## ASSIGNMENT
Exact copy, no pictures: restate each entry below word for word.
Segment Open
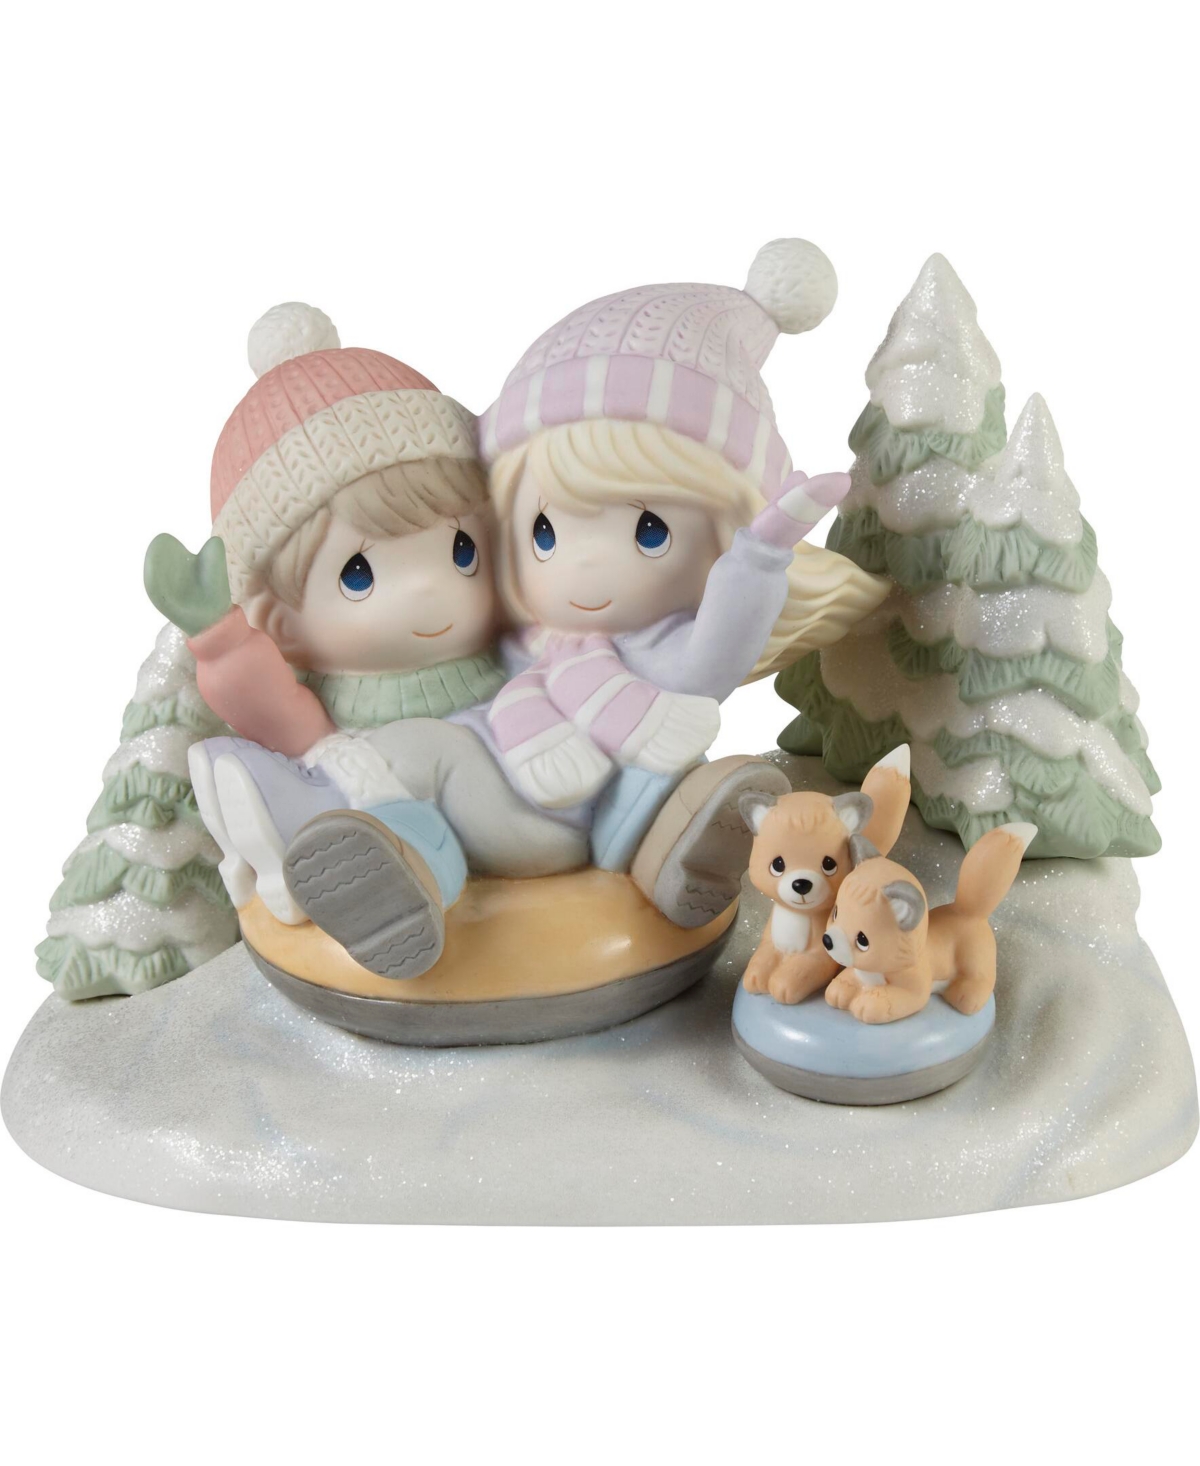 Precious Moments Away We Go In The Snow Limited Edition Bisque Porcelain Figurine In Multicolored
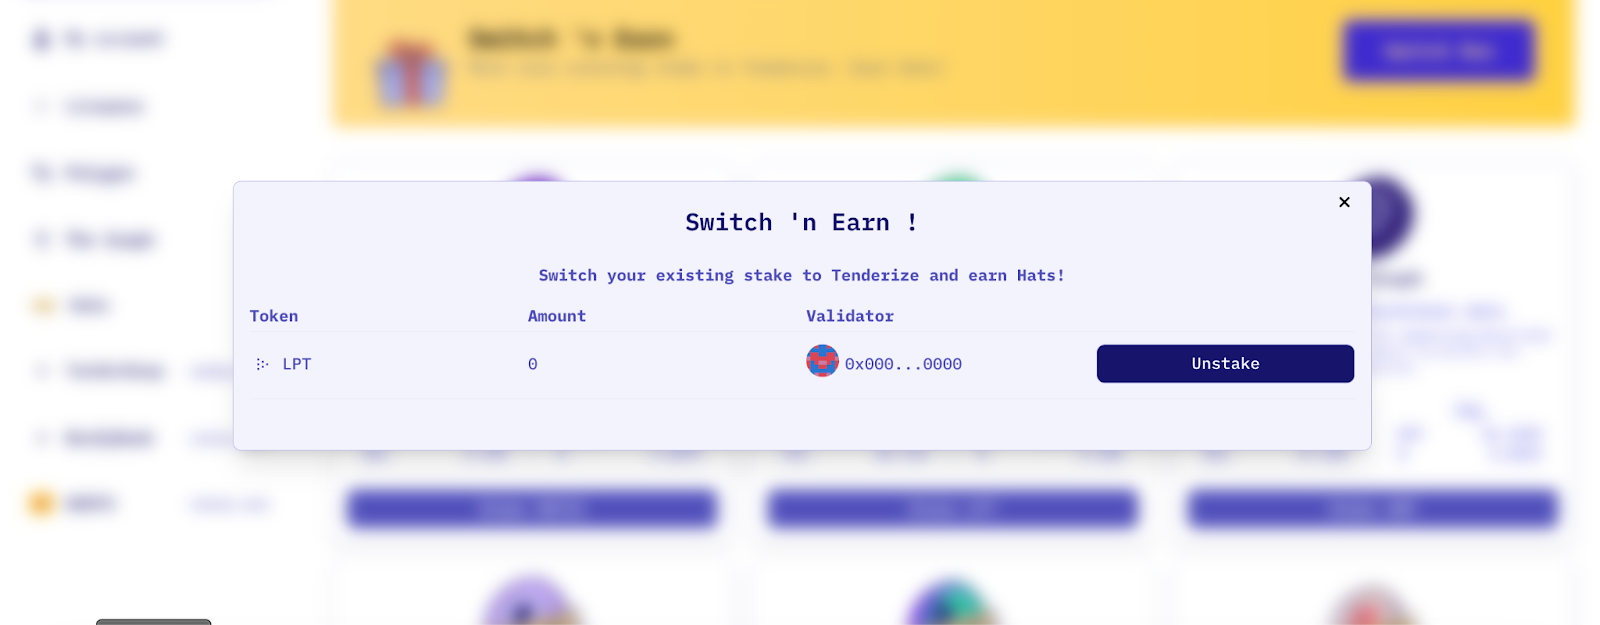 A Deep Dive into Tenderize's Switch N’Earn Campaign
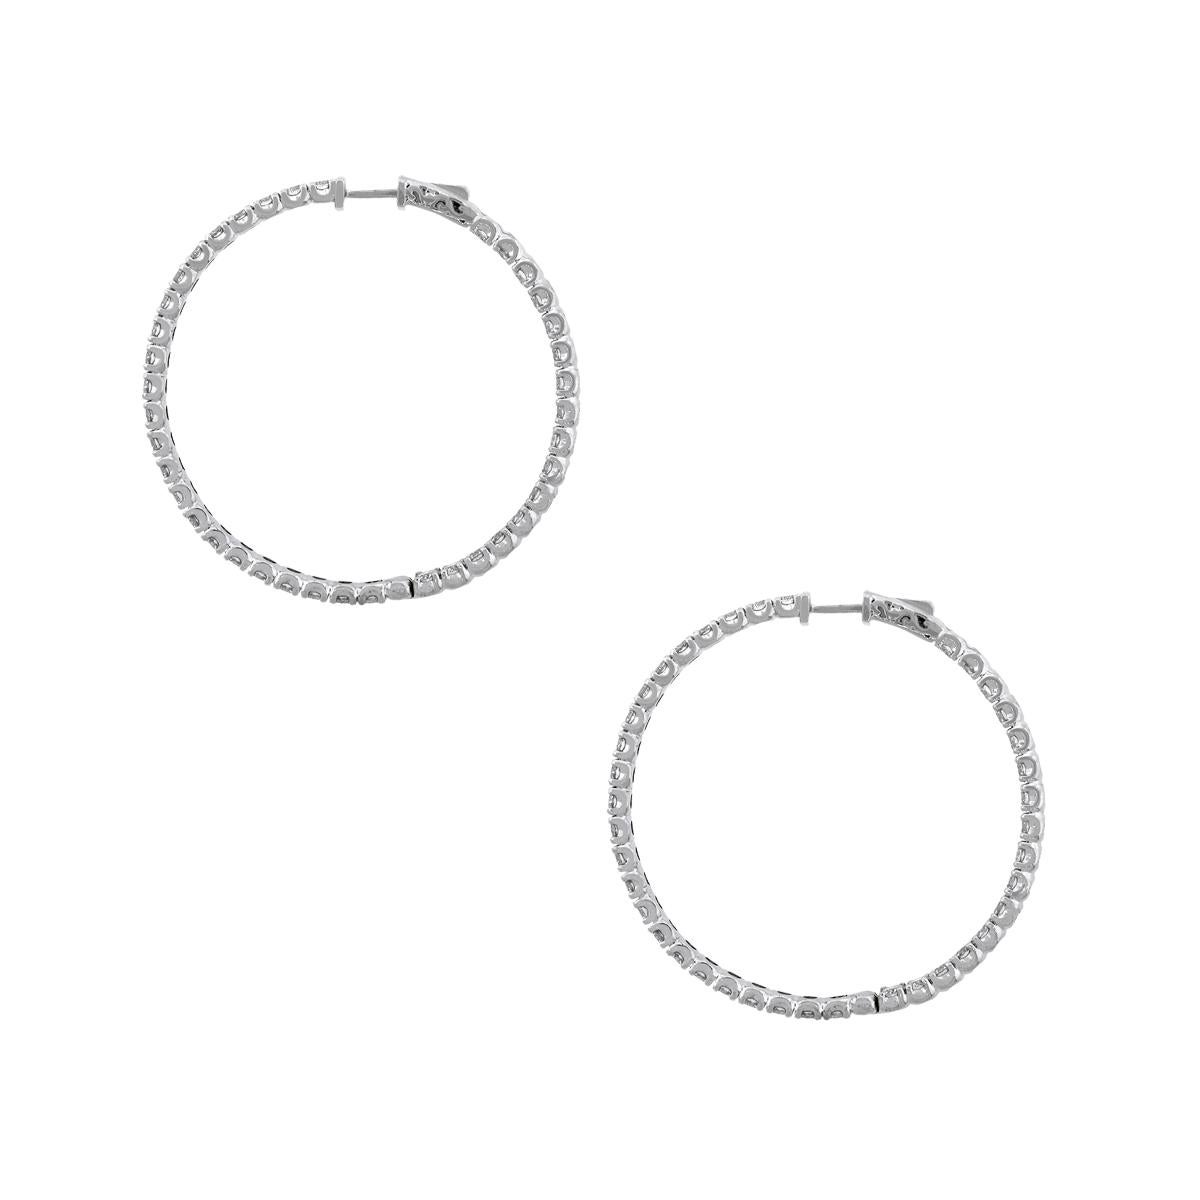 Material: 14k white gold
Style: Diamond inside out hoop earrings
Diamond Details: 78 Stones, approximately 9.01ctw of round brilliant diamonds. Diamonds are G/H in color and VS in clarity.
Earring Measurements: 1.88″ x 0.15″ x 1.96″
Total Weight:
Segment Closed
## RESPONSE AREA
 Precious Moments Away We Go In The Snow Limited Edition Bisque Porcelain Figurine In Multicolored
 A Deep Dive into Tenderize's Switch N’Earn Campaign
 Material: 14k white gold
Style: Diamond inside out hoop earrings
Diamond Details: 78 Stones, approximately 9.01ctw of round brilliant diamonds. Diamonds are G/H in color and VS in clarity.
Earring Measurements: 1.88″ x 0.15″ x 1.96″
Total Weight:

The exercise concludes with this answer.